- **GOAL OF THE EXERCISE**:
The copy you return must begin at the line containing "African American Woman" and end at the final line of the listing below, with every picture left out.

- **RECORDED INFORMATION**:
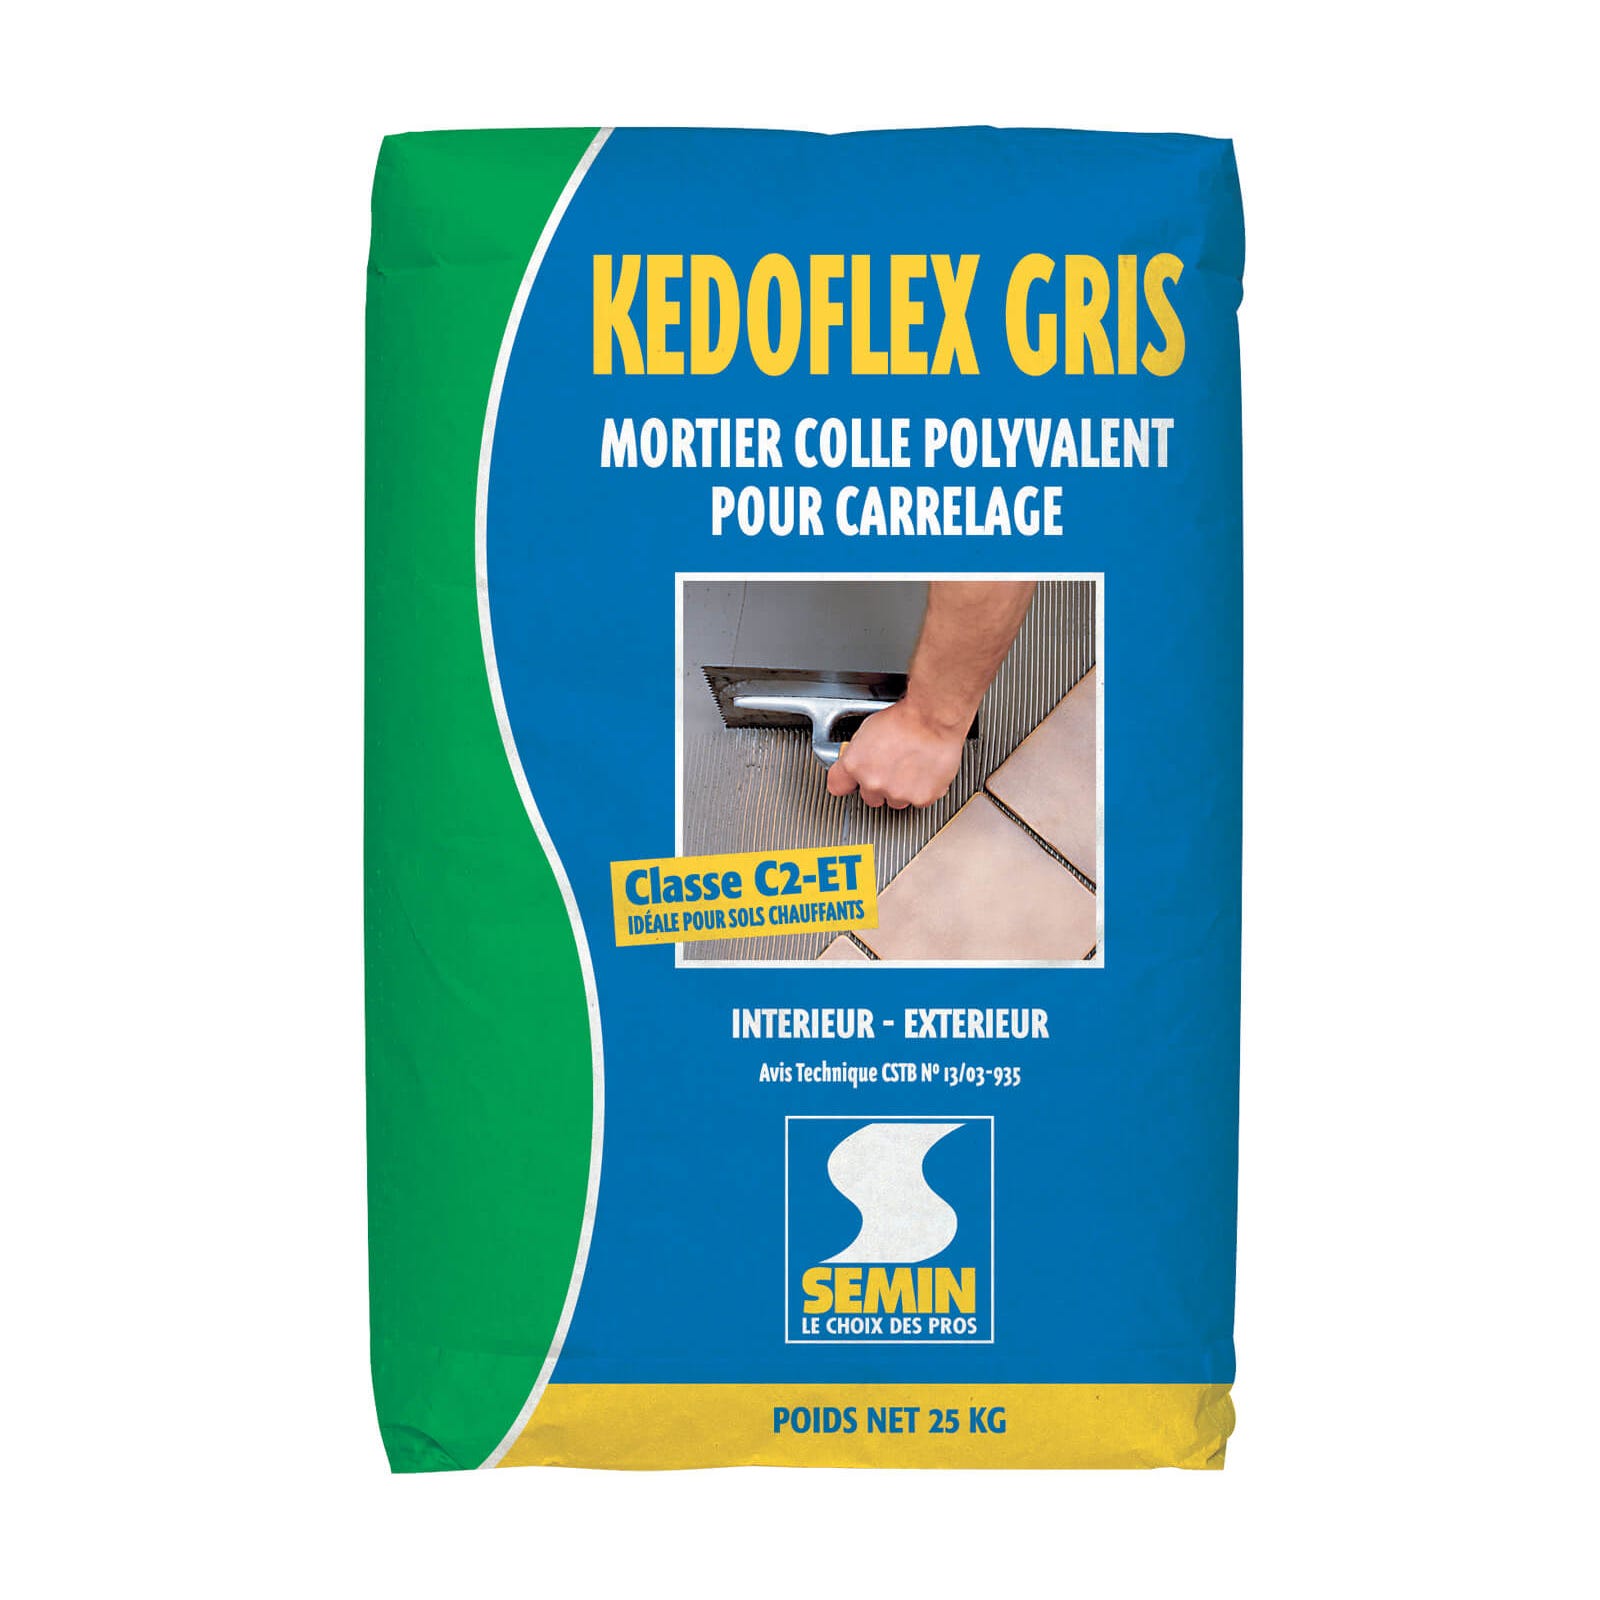 Mortier Colle Polyvalent pour Carrelage Kedoflex Gris Semin, Intérieur/Extérieur, sac de 25 kg 0
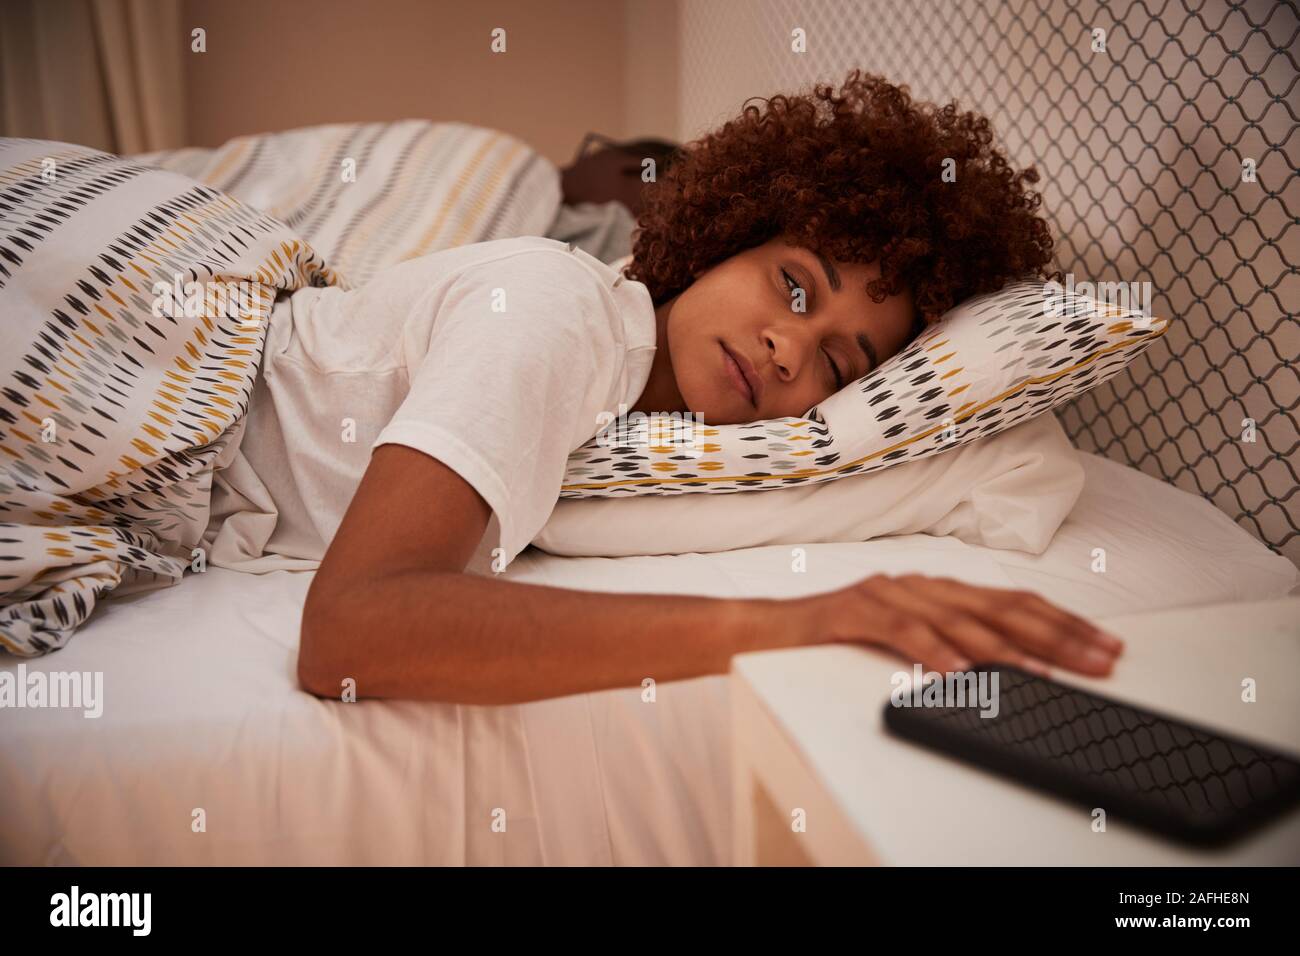 African American Woman millénaire à moitié endormi dans son lit, pour son smartphone, Close up Banque D'Images
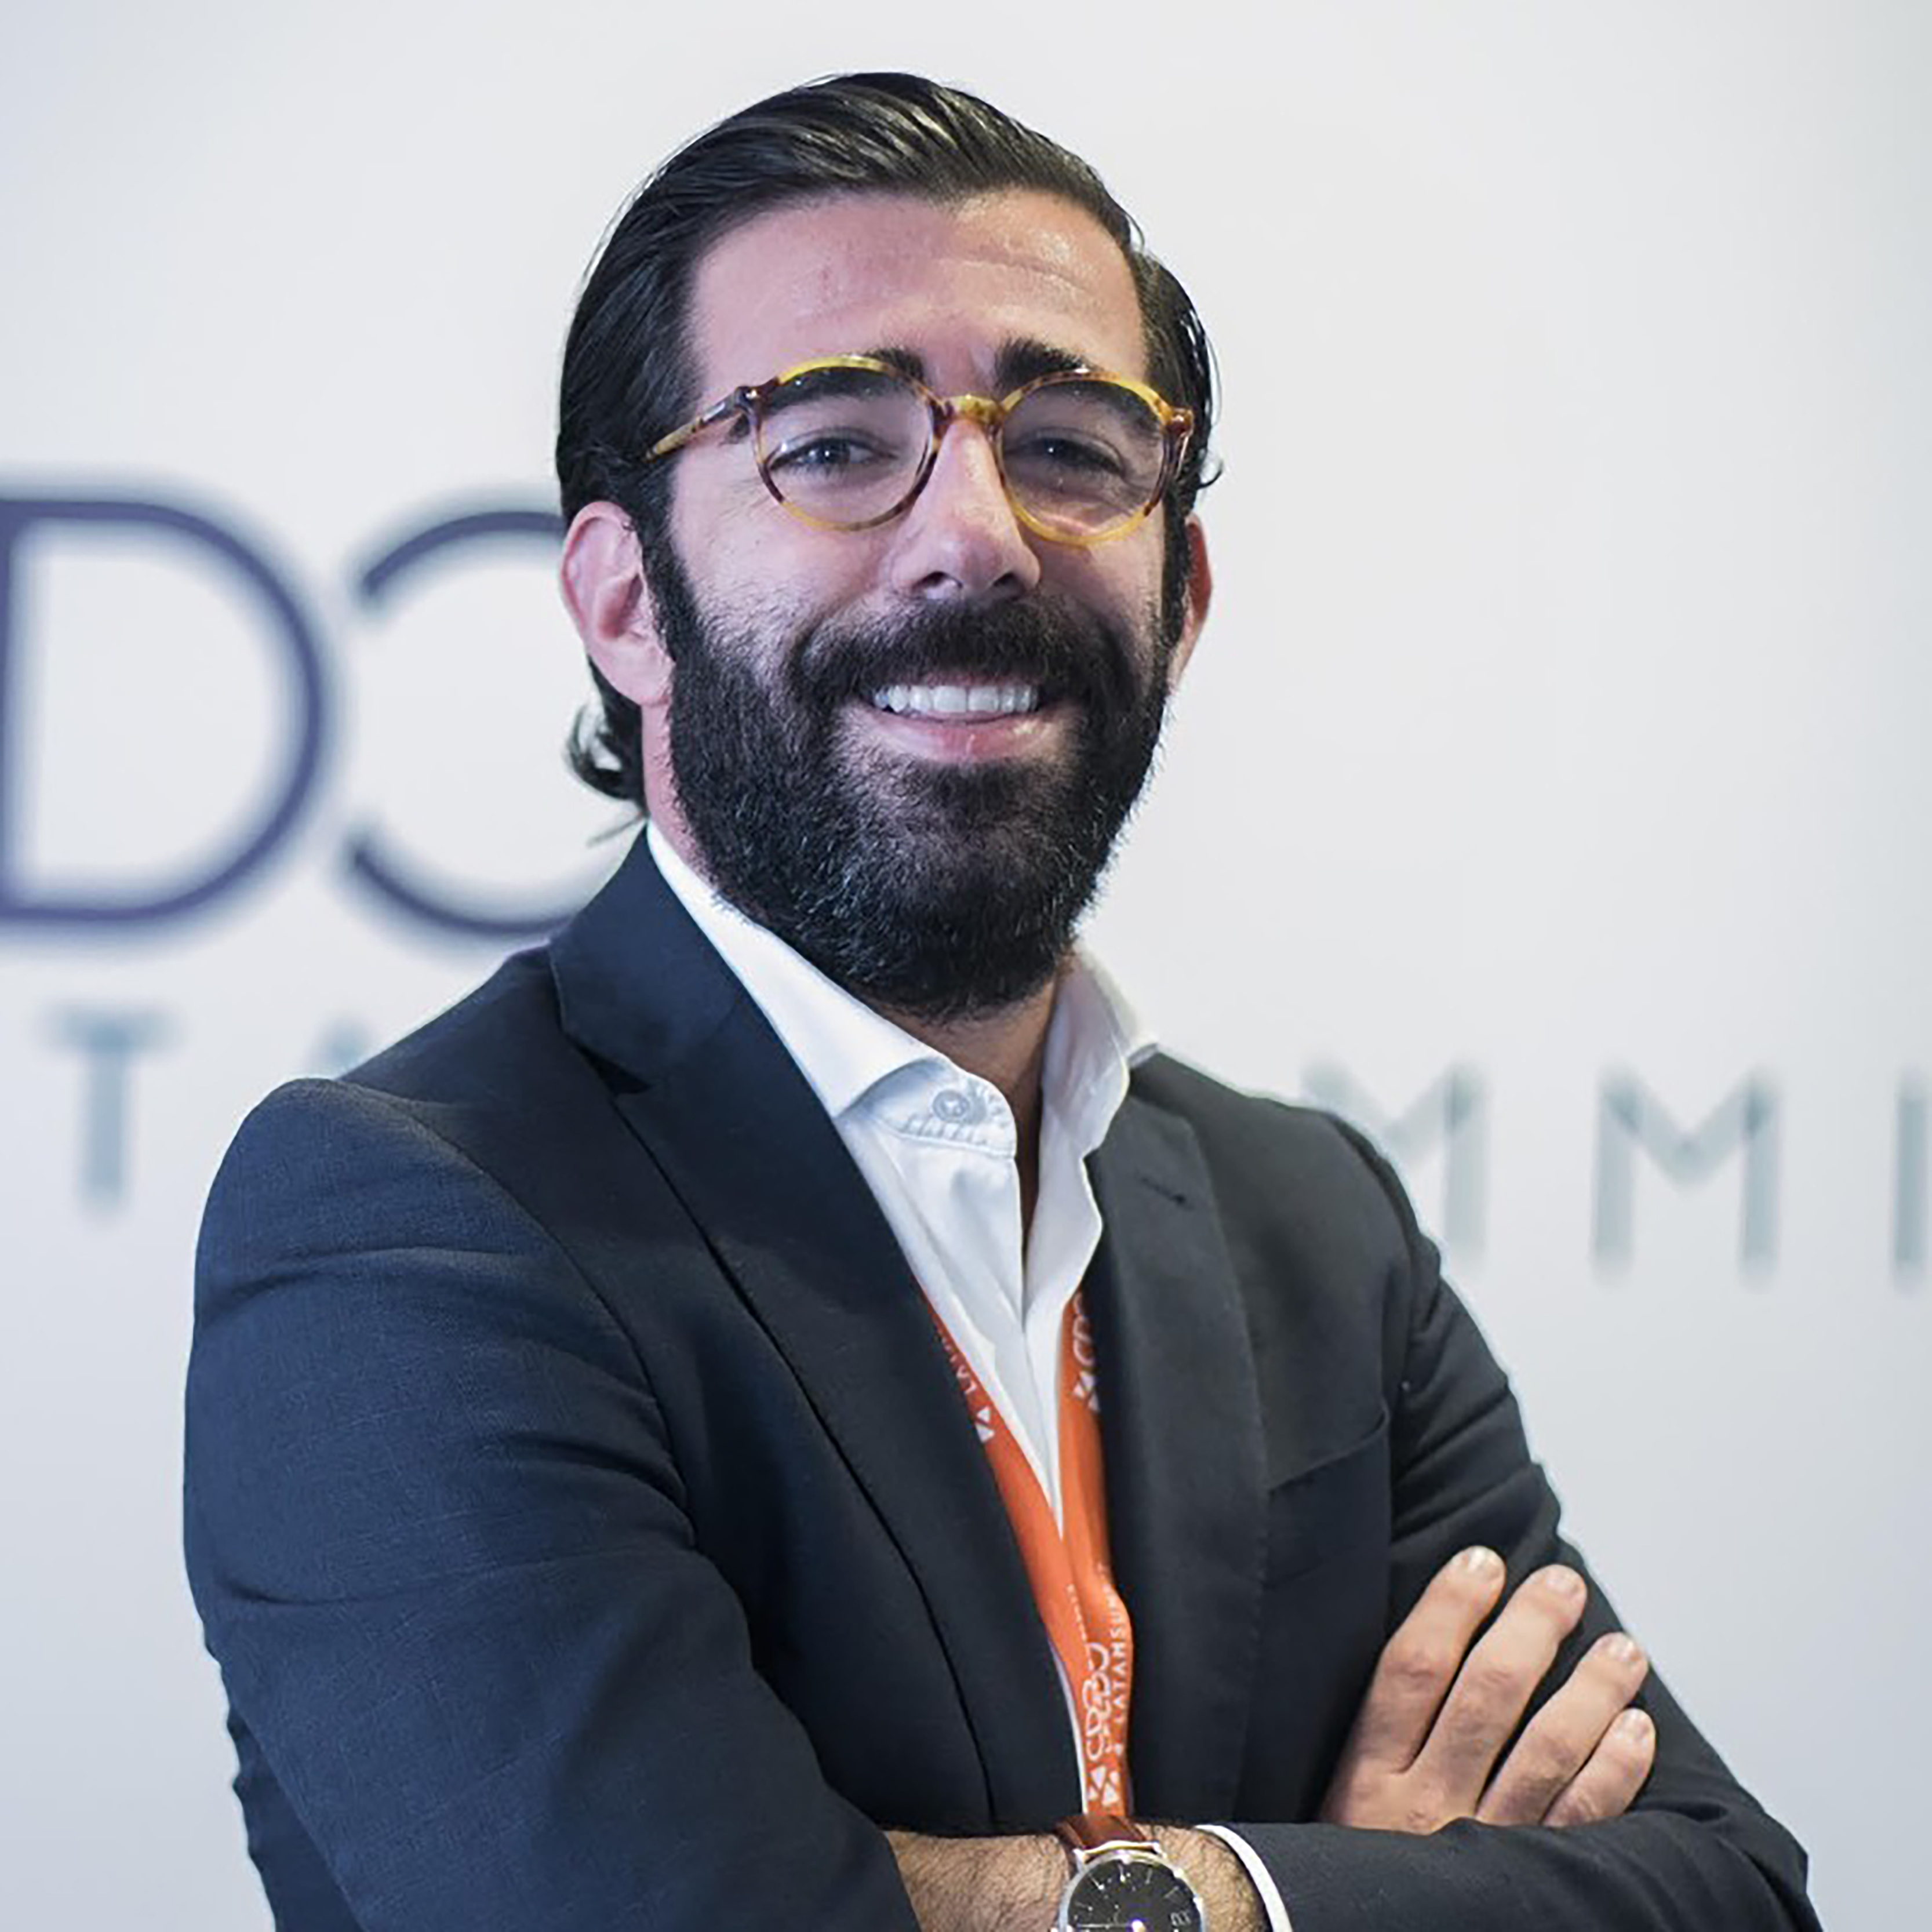 Moisés Dueñas, Data Management Lead at Keepler Data Tech
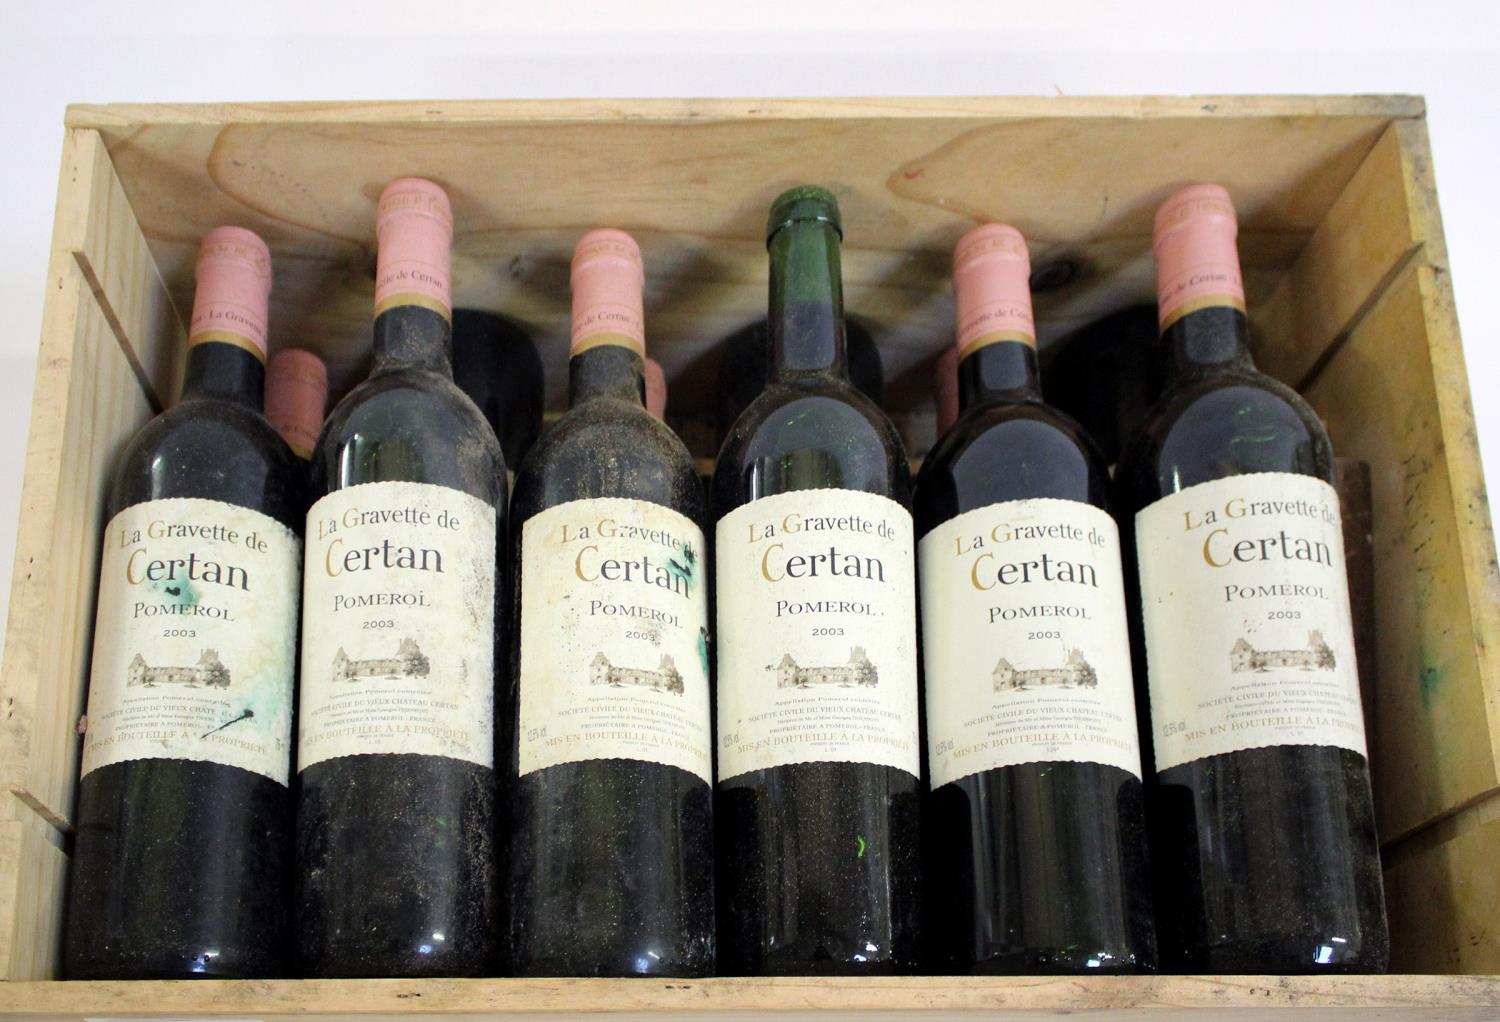 WINE - LA GRAVETTE DE CERTAN POMEROL 12 bottles from 2003, in part of a wooden case. (12)

- **TASK SOLUTION**:
 African American Woman millénaire à moitié endormi dans son lit, pour son smartphone, Close up Banque D'Images
 Moisés Dueñas, Data Management Lead at Keepler Data Tech
 WINE - LA GRAVETTE DE CERTAN POMEROL 12 bottles from 2003, in part of a wooden case. (12)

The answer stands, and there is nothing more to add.